Pour poursuivre l’entretien, nous avons alors demandé à cette enseignante, si sa vision des choses avait changé par rapport au début de sa carrière. Géraldine nous a alors répondu qu’au départ elle ne voyait pas les choses comme cela. En effet, elle considérait qu’elle avait son travail d’un côté et sa vie de femme de l’autre et que c’était deux choses bien séparées. L'interviewée nous a alors raconté qu’au fil de sa première année, son rôle d’enseignante avait pris une énorme place et était venu occulter son rôle de femme : "Parce que bah à l'école j'avais tellement de chose à faire et puis j'avais tellement envie de bien faire que… Et puis on se rend compte que c'est un métier où on n'a jamais fini, on

peut toujours faire plus… Et ça justement j'ai appris… Au bout de ma première année je me suis dit : "ce n'est pas possible de continuer comme ça"… Mon mari me disait : "heu ça va pas jouer comme ça"! (rires)". Au terme de cette année, elle avait alors appris à mettre des barrières et pense avoir évolué depuis.

A la question : "Penses-tu que dans une grande école de ville les choses auraient été différentes"?, l'enseignante a répondu qu’elle pensait que cela aurait effectivement été plus facile dans une grande école : "Bah je dirais que dans une grande école on trouvera bien de toute façon des affinités avec quelqu'un, je veux dire… Je pense au contraire que c'est plus difficile dans une petite école…

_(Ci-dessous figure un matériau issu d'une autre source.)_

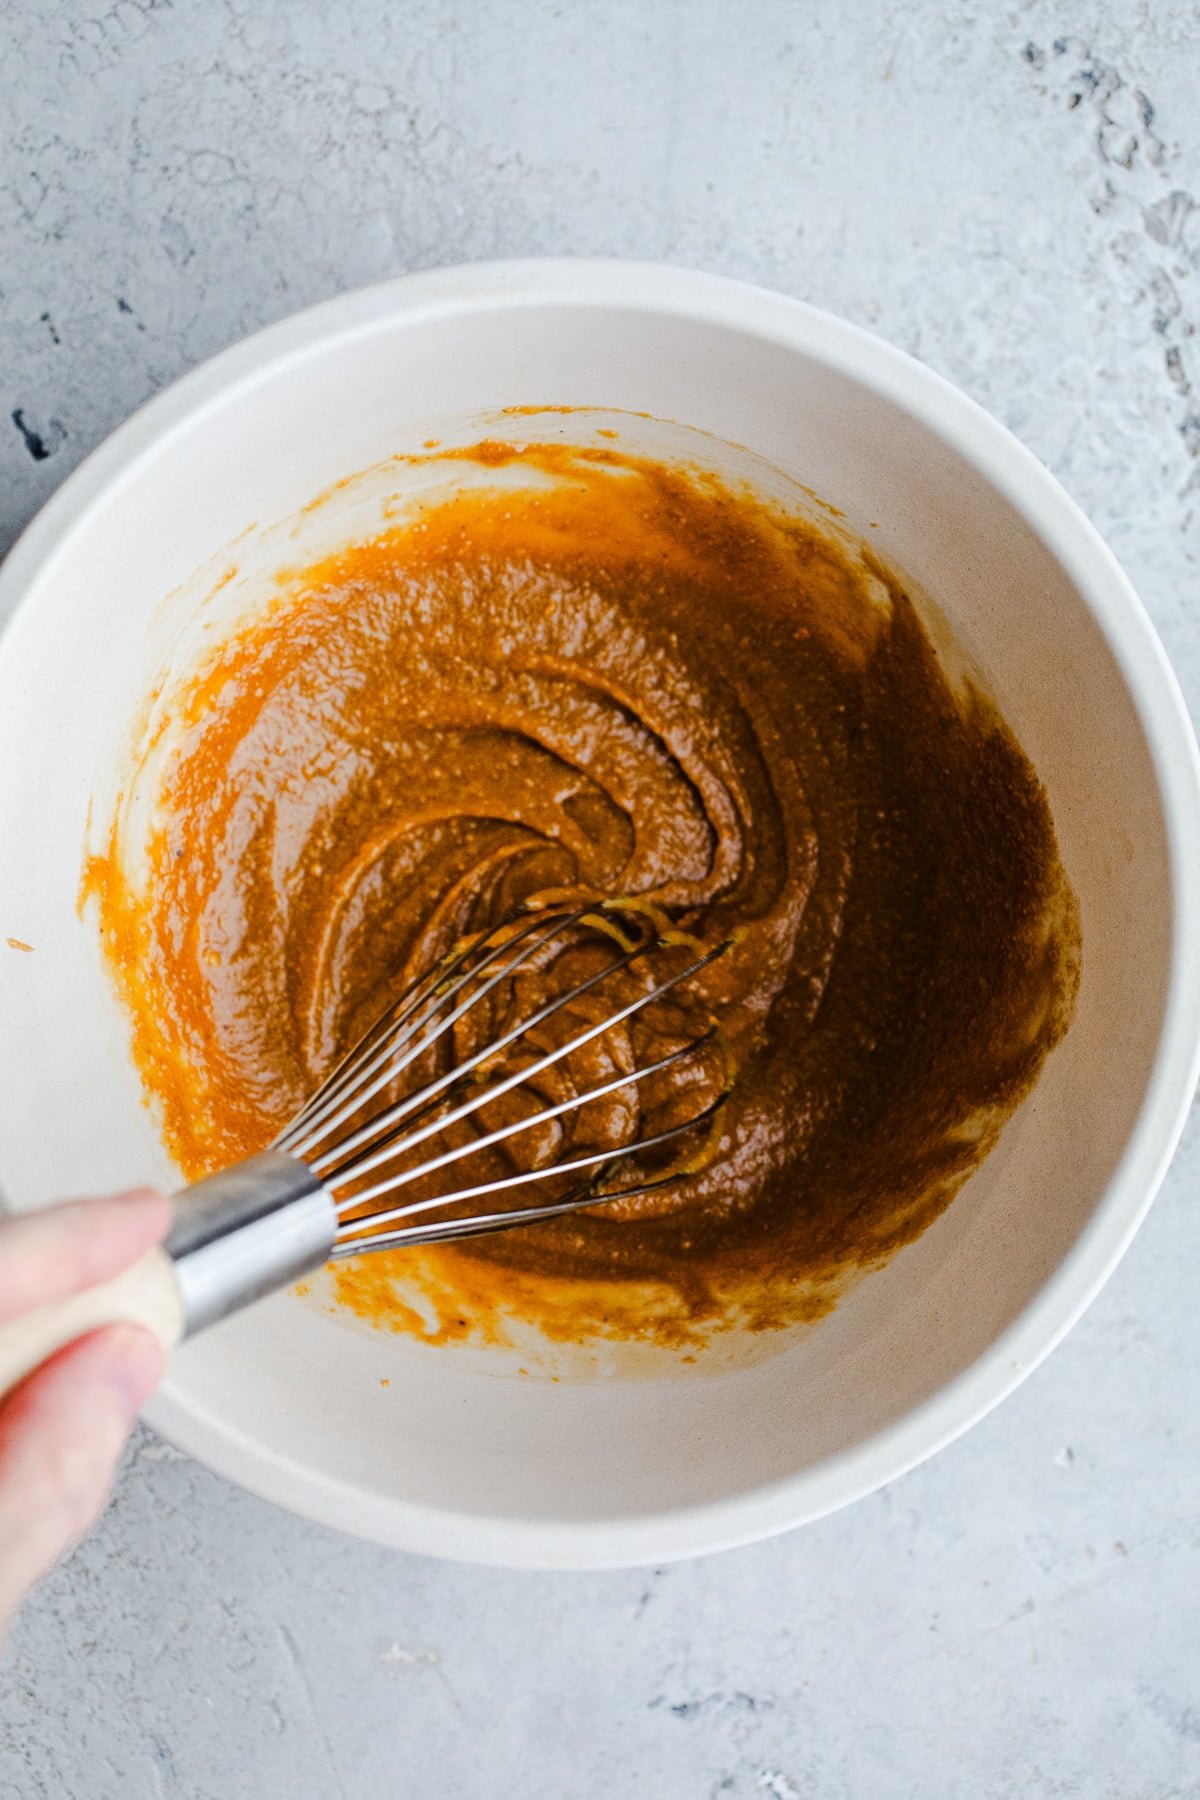 Peanut butter batter in a mixing bowl.
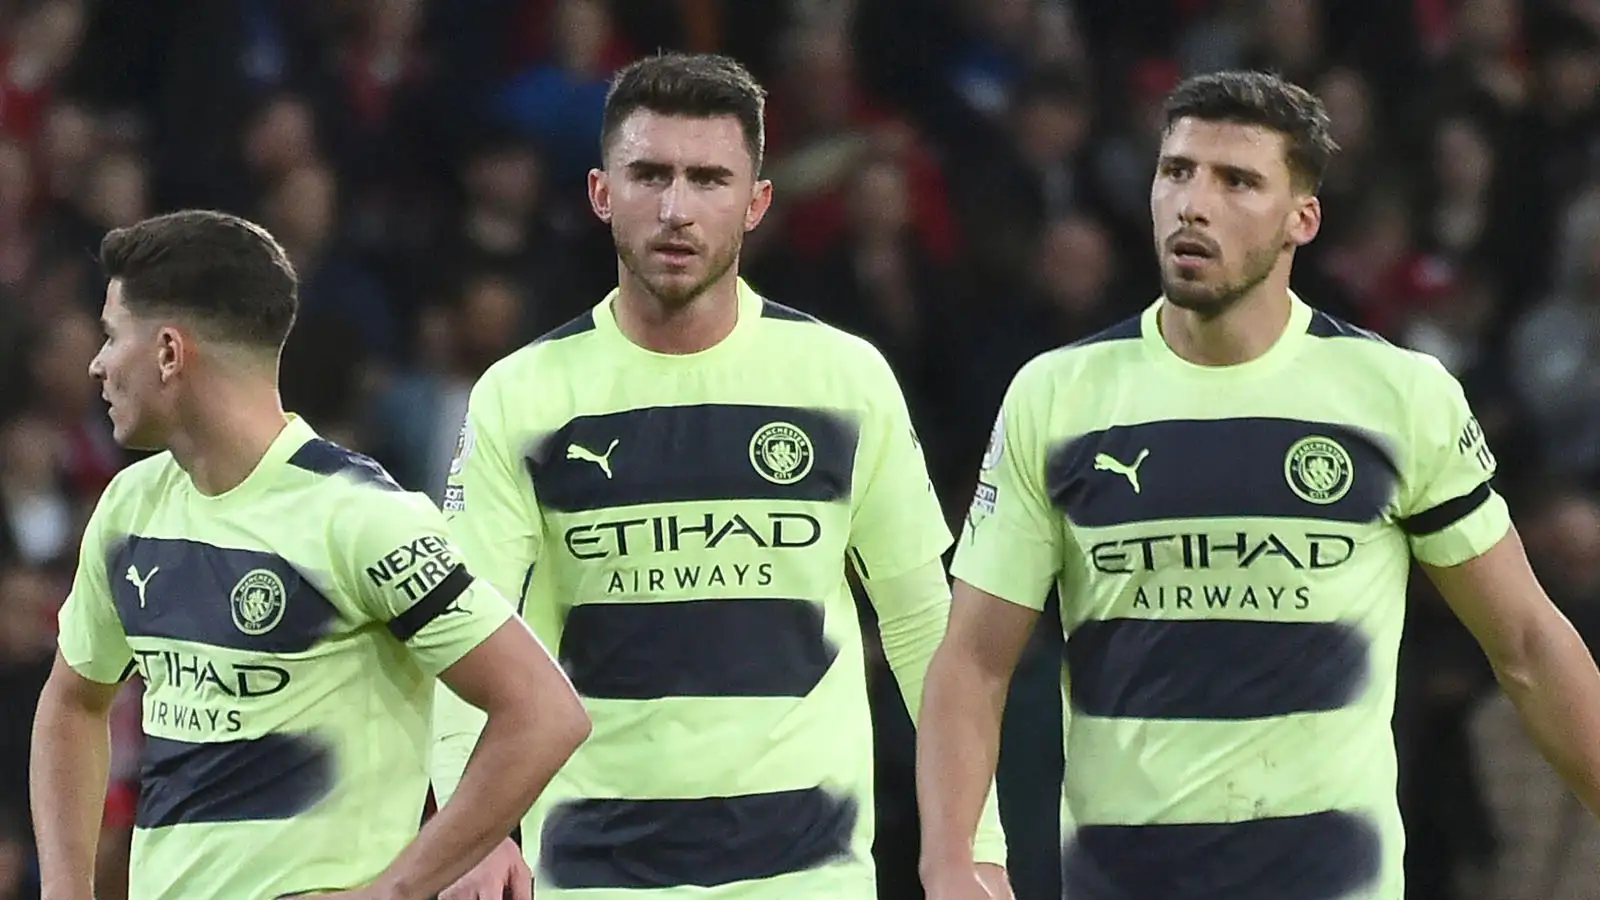 Manchester City's Julian Alvarez, left, Manchester City's Aymeric Laporte, centre, Manchester City's Ruben Dias walk on the pitch at the end of the English Premier League soccer match between Nottingham Forest and Manchester City at City ground in Nottingham

On est plus vite cloisonné si on ne s'entend avec personne…".

Géraldine a alors conclu notre entretien en mettant en évidence le fait que les identités personnelles et professionnelles n'allaient pas l’une sans l’autre. En effet, elle pense qu’elles se construisent et s’influencent parmi. Elle a d'ailleurs pu le constater avec ses collègues. Elle nous a rappelé que si la vie personnelle n'aillait pas bien, il était rare que la vie professionnelle aille bien aussi. Elle croit alors que ces identités s’influencent sans savoir laquelle prend le dessus sur l’autre. Elle espère d’ailleurs qu’aucune des deux ne prenne le dessus sur l’autre.

L’enseignante voit cela comme une construction en nous rappelant que l’on n’est pas si différent dans la vie personnelle que dans la vie professionnelle :

"Autrement cela voudrait dire qu’on porte des masques…". Géraldine a terminé son discours par ceci : "Je crois que oui on apprend tous les jours et on grandit tous les jours".